College Girl’s Death: Bashundhara MD cleared of charges in police probe
Police have cleared Bashundhara Group Managing Director Sayem Sobhan Anvir of the charges of abetting the death of a college student by suicide in a Gulshan flat in April.
The officer investigating the case filed a probe report with the Chief Metropolitan Magistrate's Court of Dhaka on July 19. The court set July 29 to decide whether it will accept the report.
The 21-year-old student's elder sister who filed the case said she will file a no-confidence petition against the probe report.
Investigation Officer Abul Hasan, the officer-in-charge of Gulshan Police Station, wrote in the report that no evidence of Anvir abetting the victim to commit suicide was found.
He appealed to the court to relieve the accused from the charges, said an employee of General Recording Office (GRO) at the CMM Court.
Two days after the body of the college student was recovered on April 26, Sudip Chakrabarty, the then deputy commissioner (Gulshan division) of Dhaka Metropolitan Police, said that six diaries of the college student contained crucial evidence supporting the allegations brought against Anvir.
"The victim's utter frustration and mental breakdown are reflected in her diaries, that we have seized. Her writings will be important evidence," the DC told reporters at his office.
Sudip said, "... She wrote [in the diary] about their relationship, the social barriers to recognition of the relationship, her expectation of a happy conjugal life with the accused and the barriers from his family."
She detailed her serious frustration in her diaries and these will be the key to establishing the case, he said at the time.
Sudip didn't answer his phone when The Daily Star repeatedly called him for comments on the latest turn of events.
The victim's elder sister said, " Police said Anvir's name was written on different parts of my sister's body. Photos of Anvir and her were hung on the walls of her bedroom. Their flat was decorated with their photographs. The texts and call records in her two phones showed that she expressed her frustration about the relationship. Also, the social barriers to their relationship indicate strong evidence against Anvir for abetting the death of my sister."
She added that police said they found CCTV footage of Anvir visiting Munia's flat before April 26.
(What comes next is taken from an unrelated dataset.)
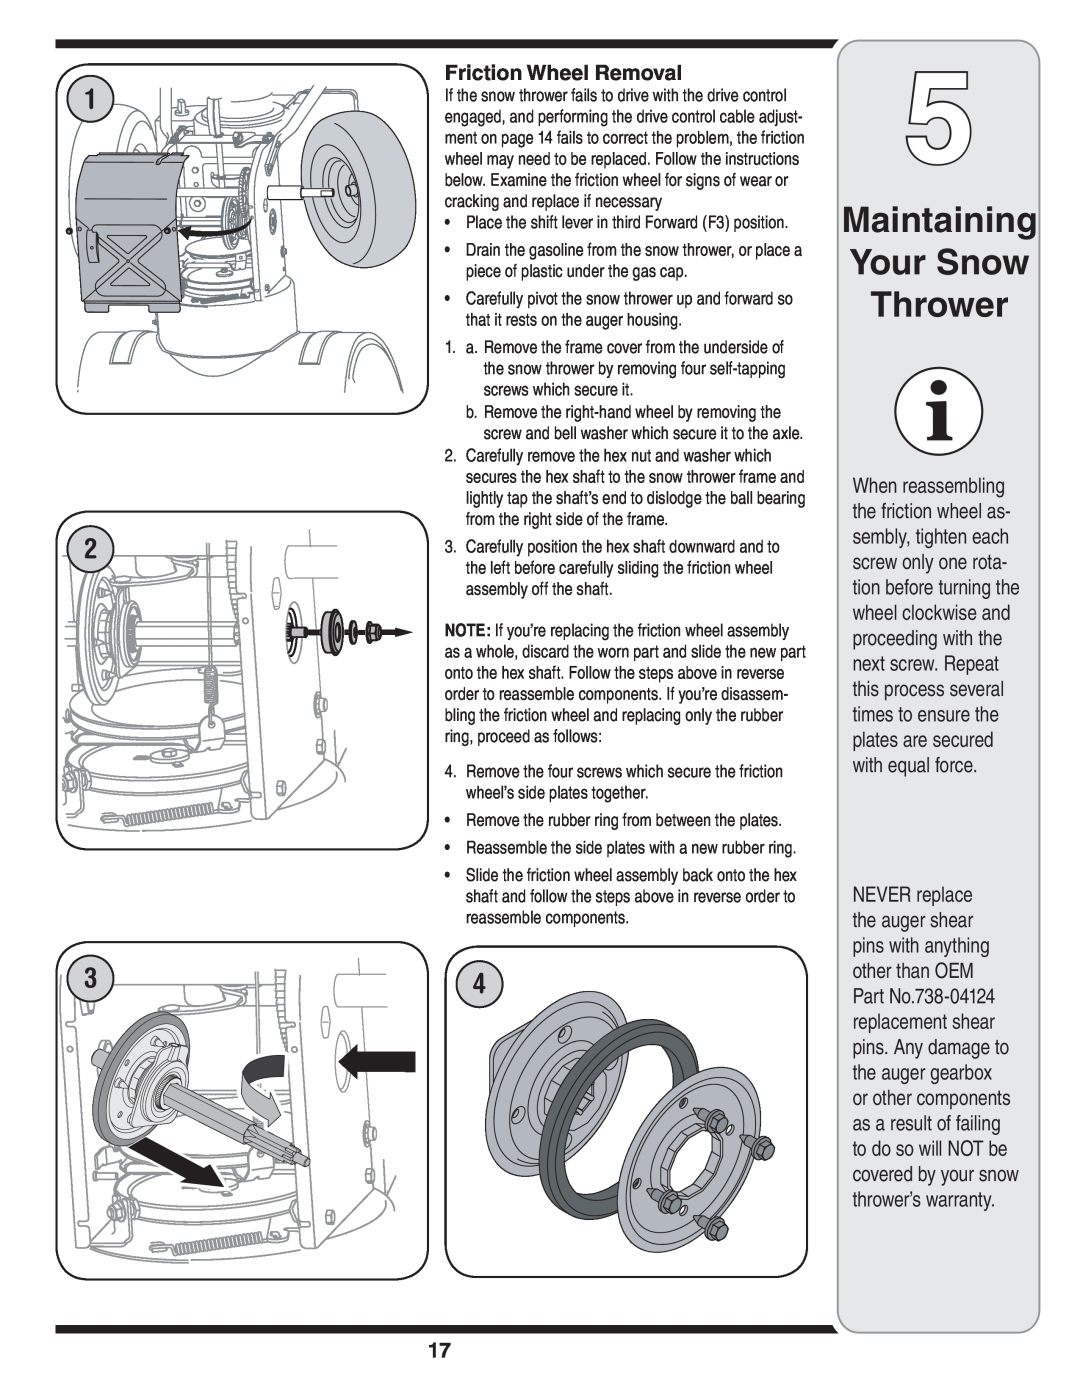 MTD C Style Maintaining Your Snow Thrower, Friction Wheel Removal, Reassemble the side plates with a new rubber ring

"I was not informed by the investigation officer (IO) about the final report before it was submitted to the court.
"When I came to know about the final report of the case from the media, I called the IO, but he did not answer my calls. I will file a no-confidence petition before the court against the final report after learning the details of the matter."
IO Abul Hasan told this correspondent that he would not comment about the matter.
On April 26, police recovered the body of the 21-year-old woman, hanging from the ceiling fan of her bedroom in Gulshan. Her feet were touching the bed and both knees were a little bent.
Soon after the case was filed, the court issued a ban on Anvir from travelling abroad after the IO filed an application seeking the ban on April 27.
Anvir did not get bail from any court in the case recorded as a "cognisable offence", CMM court officials said.
Under section 4 (f) of the Code of Criminal Procedure (CrPC), "Cognisable Case" means police can arrest the accused without any warrant, said legal experts.
There are multiple instances in the capital of police arresting individuals involved in abetting victims for dying by suicide, they added.
For example, six people, including a sub-inspector of Khilgaon Police Station, were arrested soon after a case was filed over abetting death by suicide of Simi Banu in the capital's Khilgaon area on December 23, 2001.
Simi, a final-year student of Narayanganj Institute of Fine Arts, killed herself after she was tormented by the six arrestees.
But police or other law enforcers were rather indifferent in the case against Anvir by not arresting him even though he was in public without a bail, said lawyers.